Most photographers who practice black-and-white printmaking as a means of creative expression don't just get it right because they are artistically inclined... life isn't like that! What actually happens is that largely through personal experimentation with their equipment (cameras and lenses) and their consumables (film and chemistry) they calibrate their equipment and consumables in order to extract the maximum quality possible from them... and with total predictability. Artistic elements aside, the rest is just craft and science... and as such can be fairly easily controlled.
If you are serious about black-and-white photography yet feel that your technical abilities are not getting anywhere you will have to recognize that what you've been doing before was probably wrong... or even worse, the adoption of bad habits from other photographers.
For example you may read that a certain photographer rates his ISO 400 Ilford HP5 Plus film at EI 200 whilst an equally admirable photographer rates his identical film stock at EI 650. In whose footsteps would you follow? Neither of course... photographic talents being equal, it's their equipment which has forced them to change the rating of their film. For example, the leading image to this article of "The Countess" on the narrow gauge Welshpool & Llanfair Railway in mid-Wales was taken on a Nikon F601 camera with everything on "auto"... but the Ilford FP4 (ISO 125) film was rated at EI 200 and printed on a normal grade 2.5 paper.
The image on the next page taken inside Daresbury Church in Cheshire of one of the five panes in the memorial window dedicated to Charles Lutwidge Dodgson (Lewis Carroll) author of "Alice in Wonderland" was taken on an Olympus OM4 with a 300mm Zuiko telephoto lens utilizing the camera's excellent spot-metering system, rating Agfapan 100 at a conservative EI 64 enabling a print to be made, again, on a normal grade 2 paper.

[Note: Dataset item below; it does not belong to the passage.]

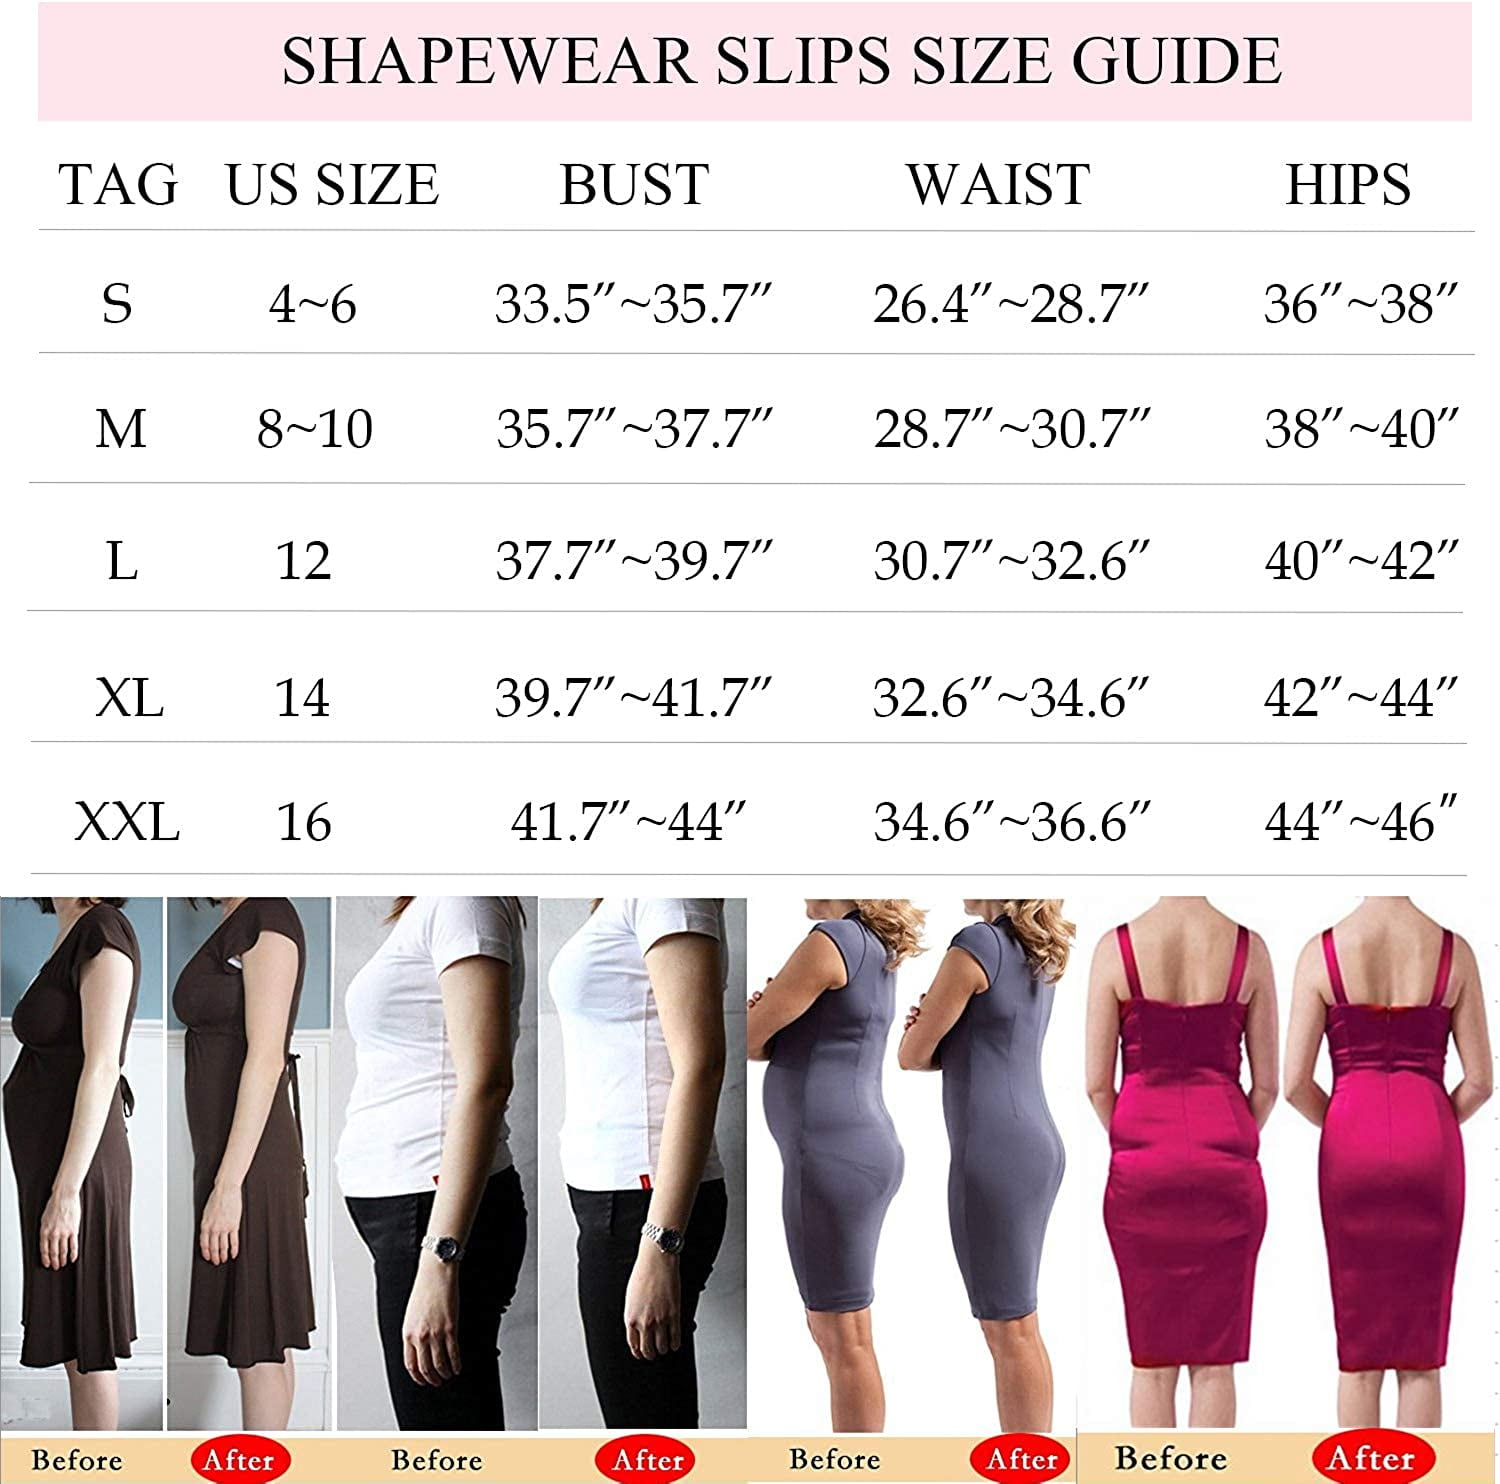 Vaslanda Strapless Shapewear Slip for Women Tummy Control Seamless Full  Body Shaper Under Dress Slip 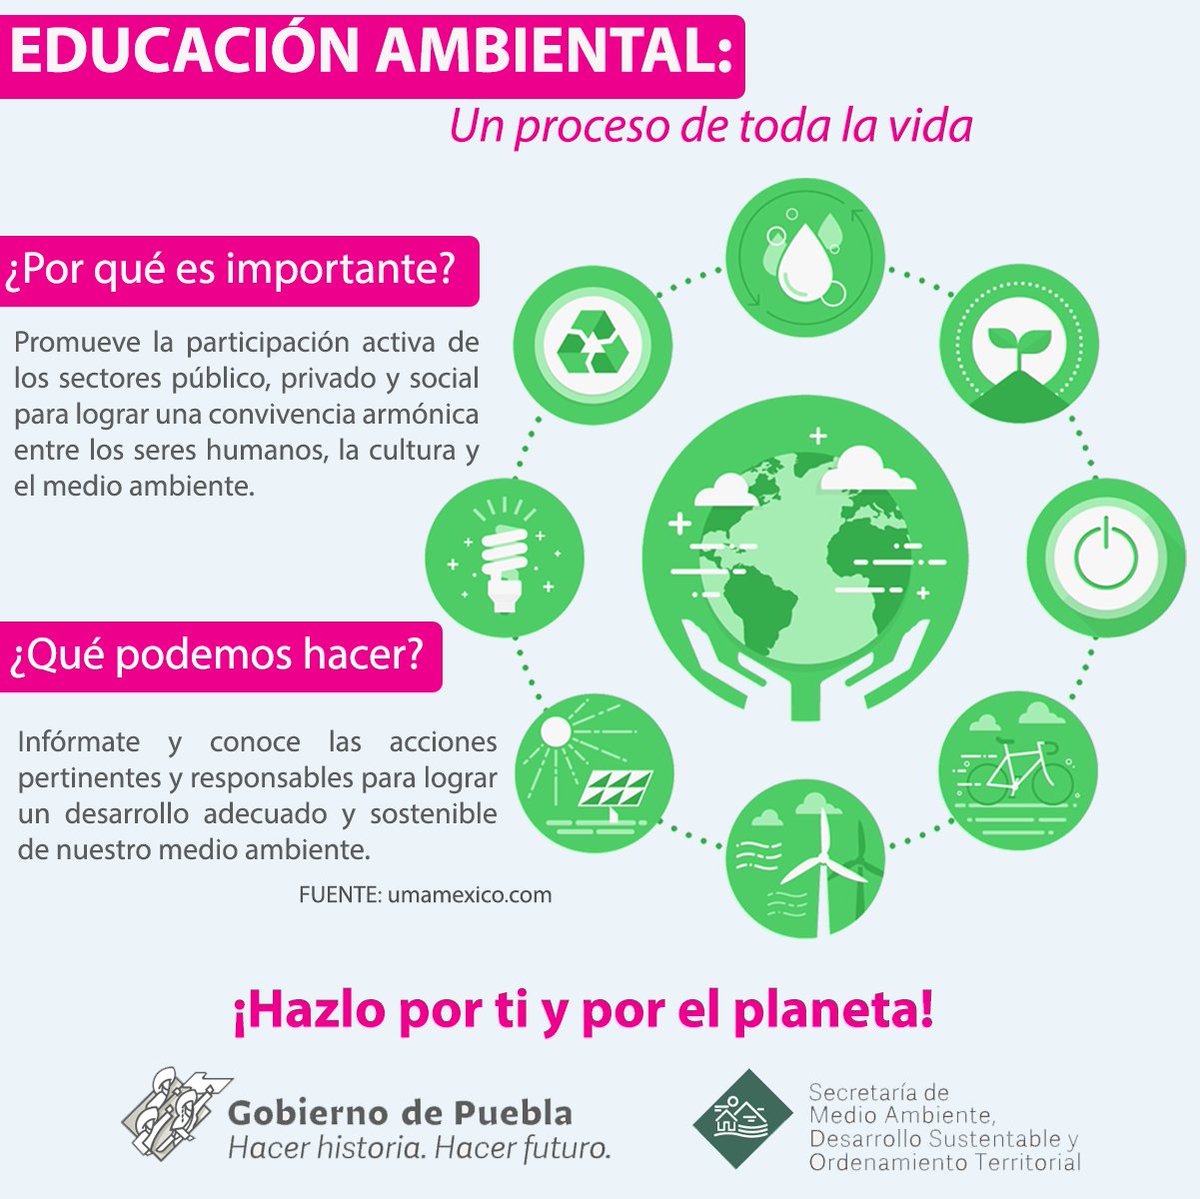 repentinamente Franco Confusión Secretaría de Medio Ambiente on Twitter: "Conoce la importancia de la  #EducaciónAmbiental 👩🏫🍃y cómo puedes contribuir a mejorar nuestro medio  ambiente 🌎✓. ¡Súmate con pequeñas acciones, que generan grandes cambios!  😄💚 https://t.co/L2B0CVIHXm" /

Note that these two admirable (but mythical) photographers I mention do not have special film stocks coated for their use, nor developers formulated from secret ingredients or papers with magical tones built-in. They use the same materials that you and I use... but they do so with a subtle difference. These two knowledgeable photographers have fine-tuned their techniques by finding out how "off-the-shelf" materials actually behave in practice, i.e. in their cameras as opposed to how they originally behaved in the manufacturer's test laboratory when they were being rated for sensitivity... two very different things!
...page 2 / page 3...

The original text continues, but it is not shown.